YOUR TASK
Print nothing except the line holding "Fonds d'ecran Kylie" and the lines that come after it in the material below, and leave the pictures out.

DATA
--- --- ---

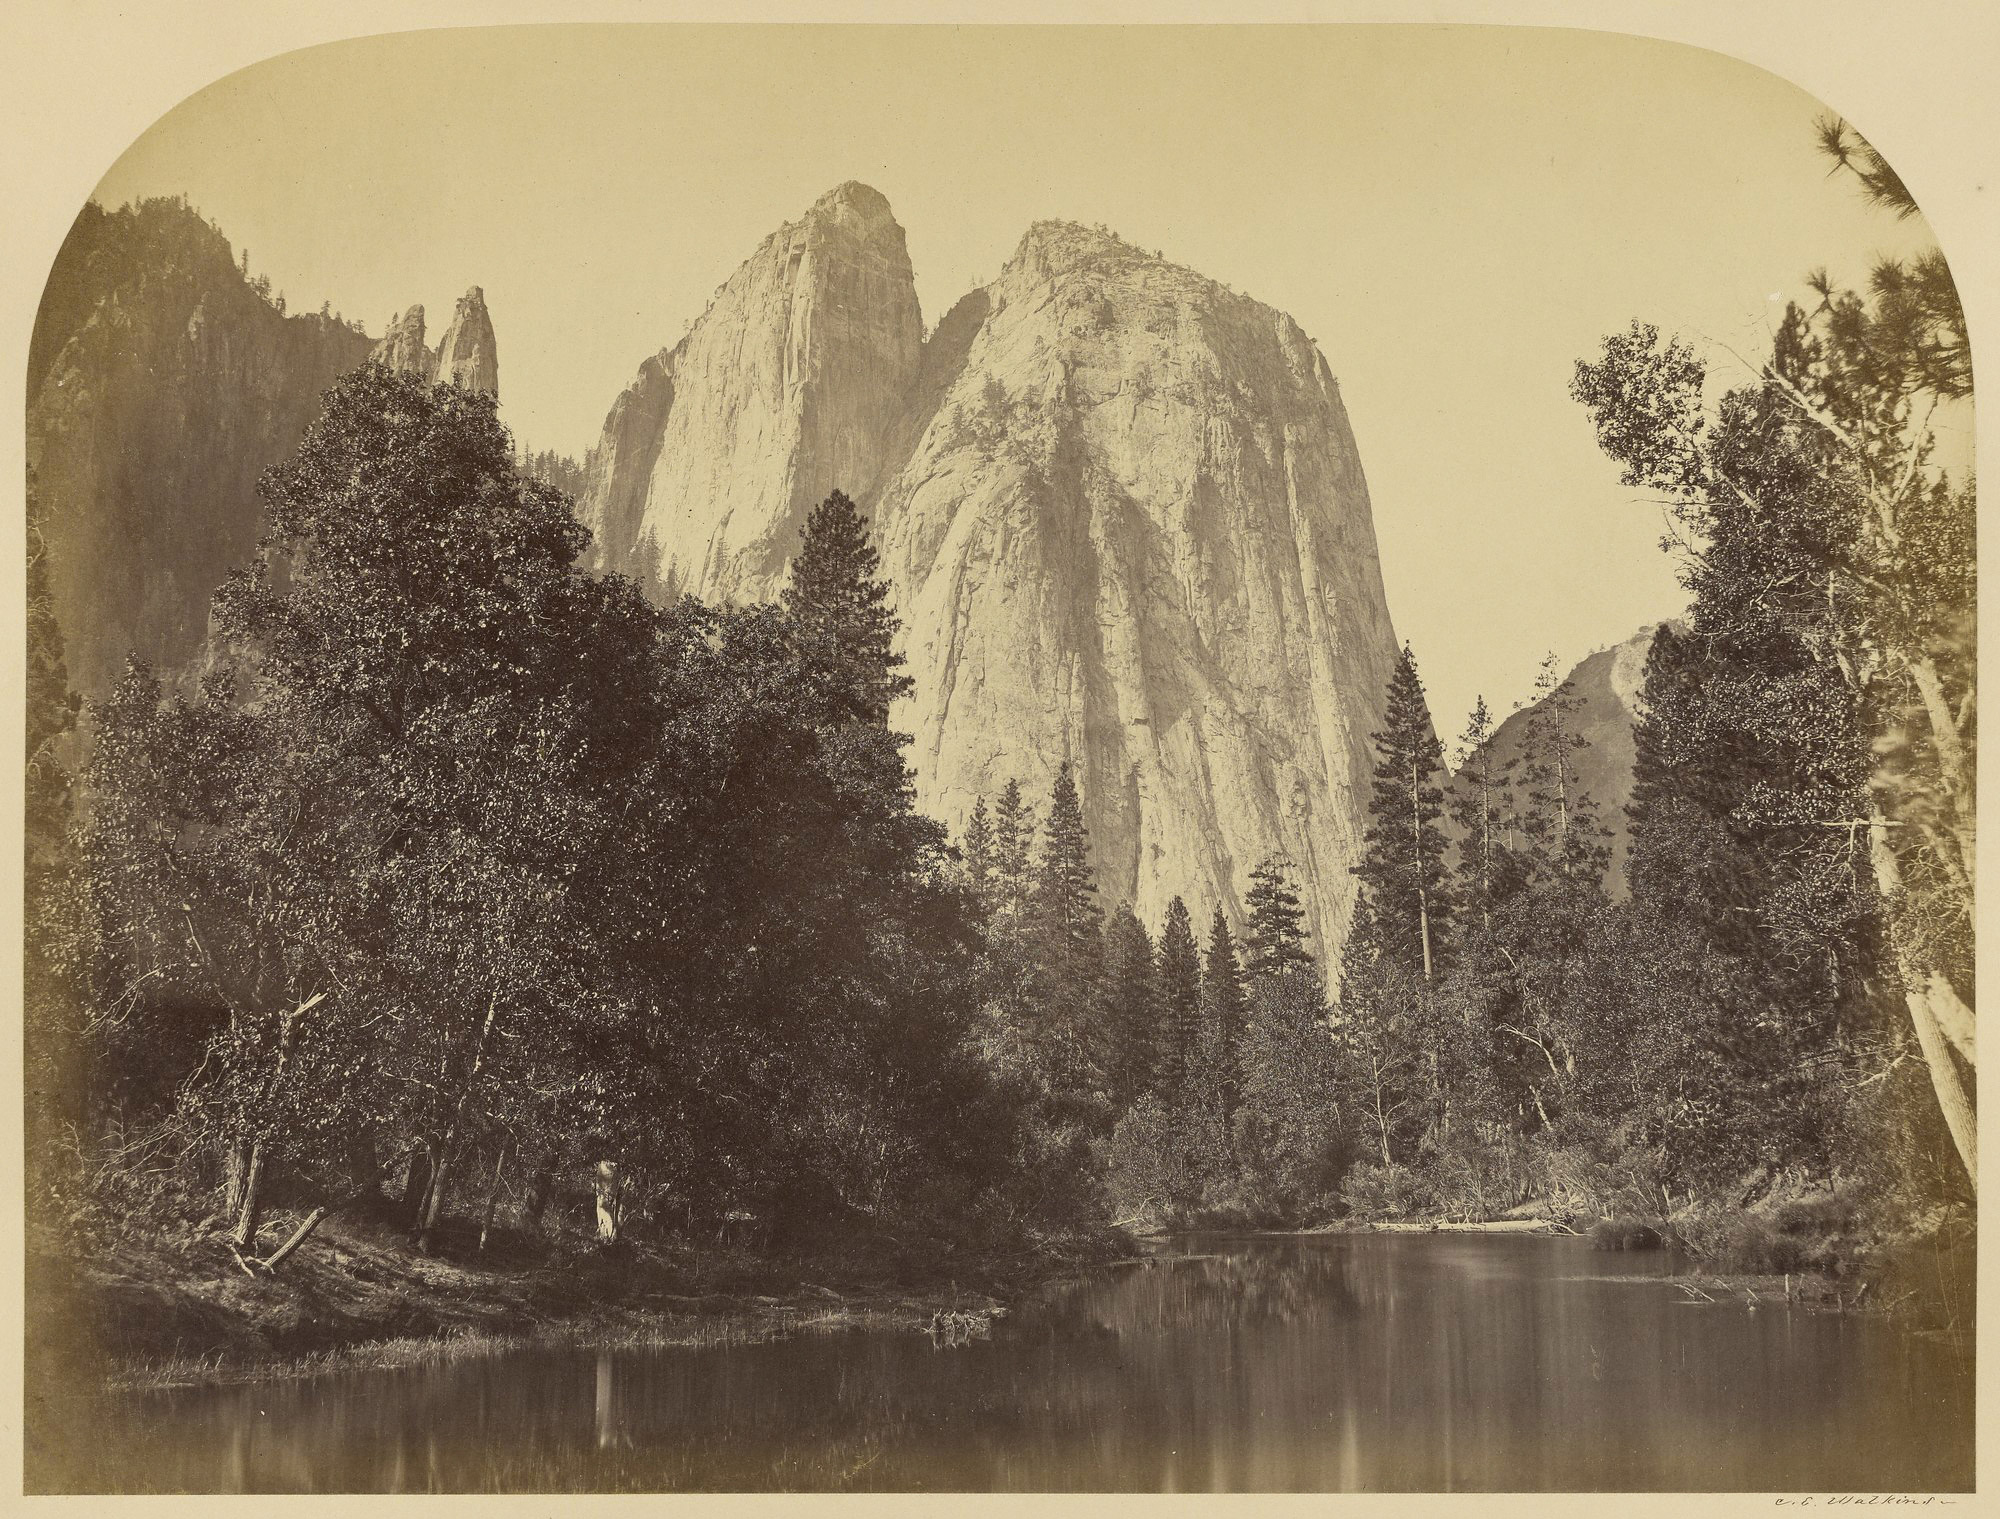 River View - Cathedral Rocks - Yo Semite. 1861.
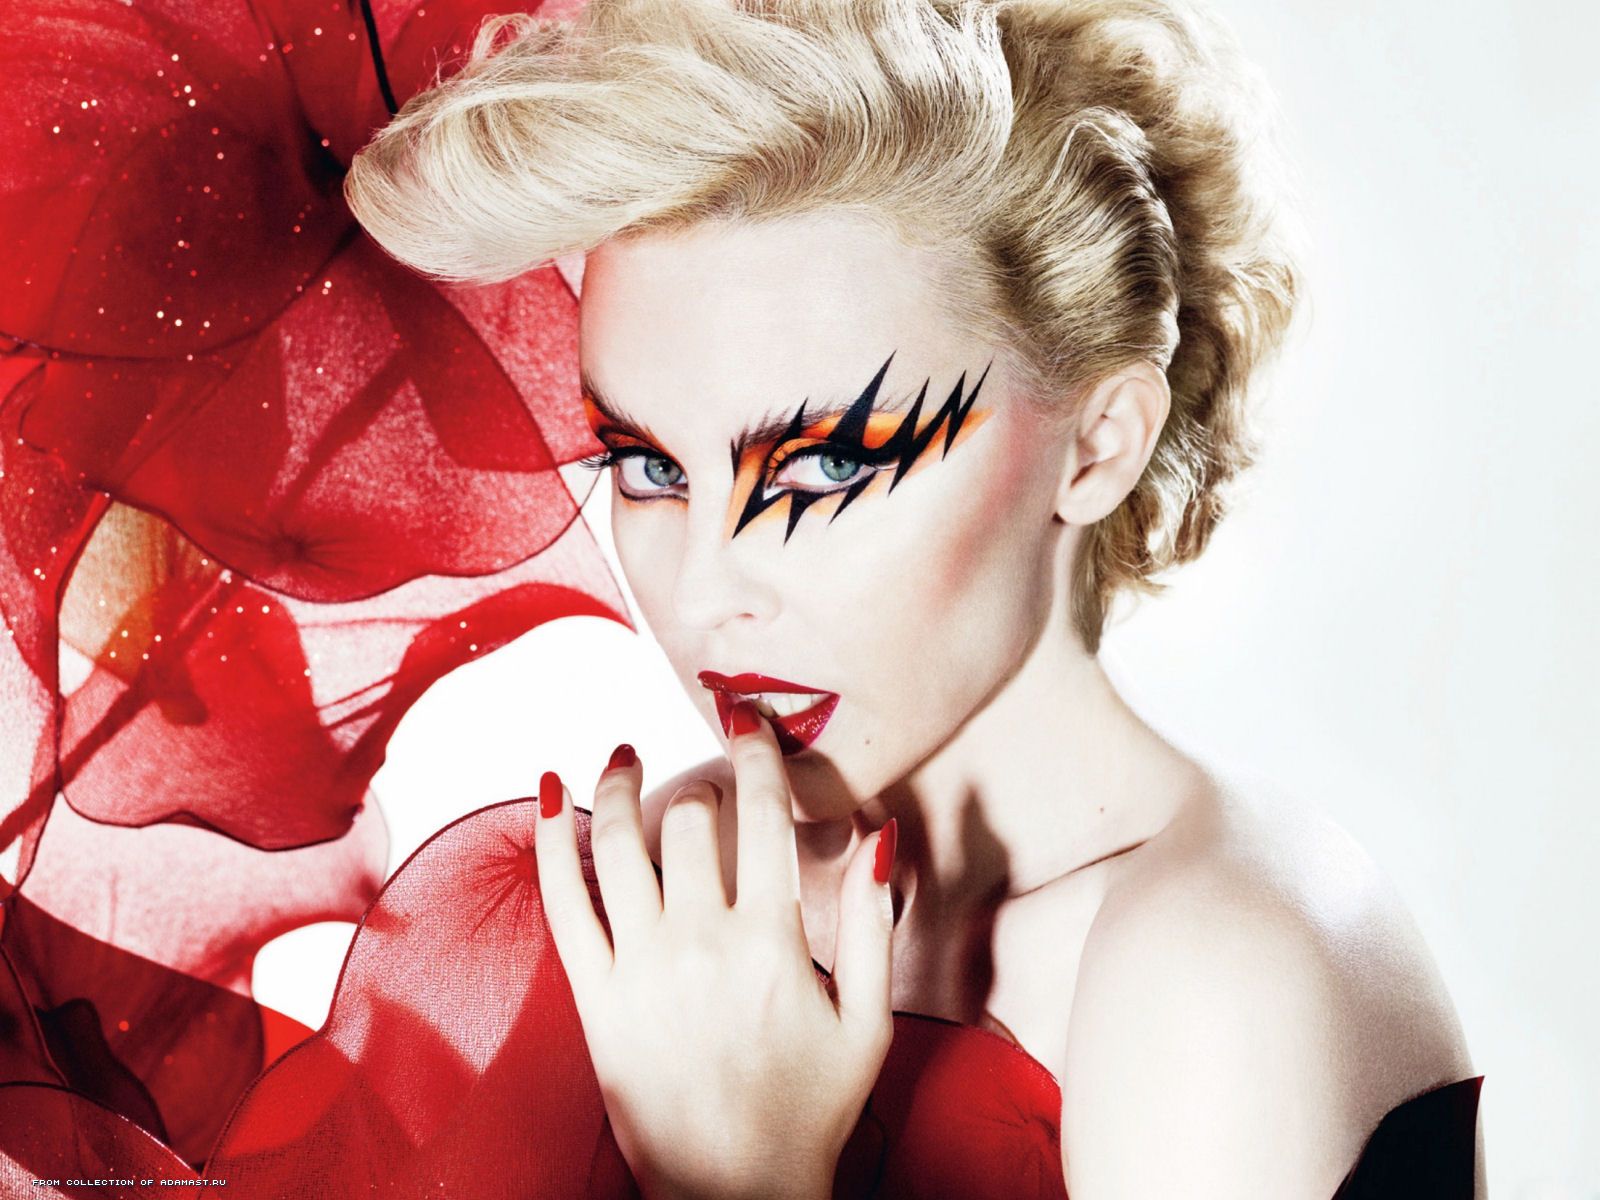 Fonds d'ecran Kylie Minogue Musique télécharger photo
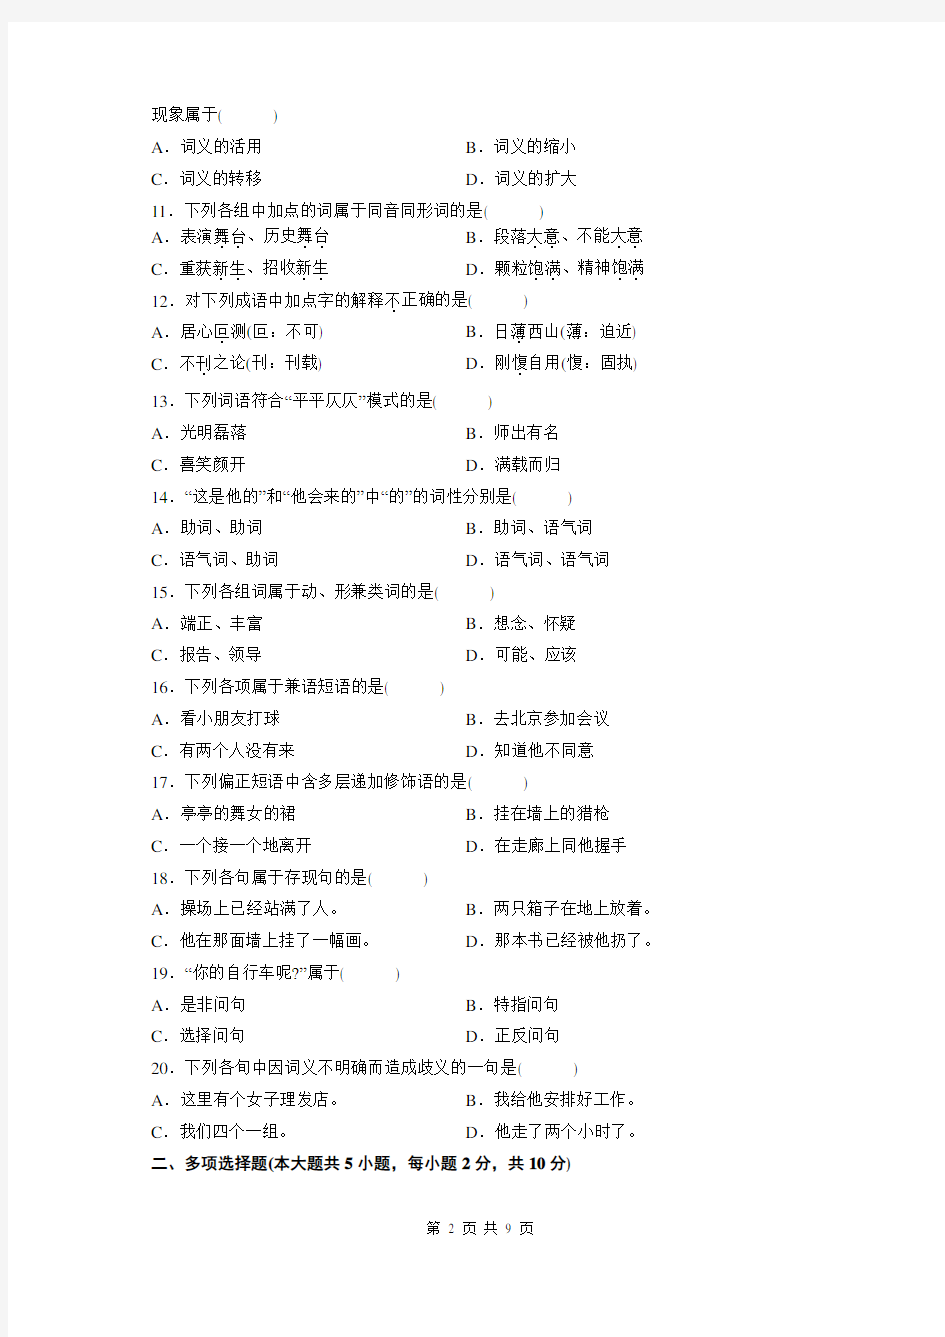 现代汉语-自学考试真题及解析2012年4月

--- --- ---

SOLUTION FOR THIS TASK
 Fonds d'ecran Kylie Minogue Musique télécharger photo
 现代汉语-自学考试真题及解析2012年4月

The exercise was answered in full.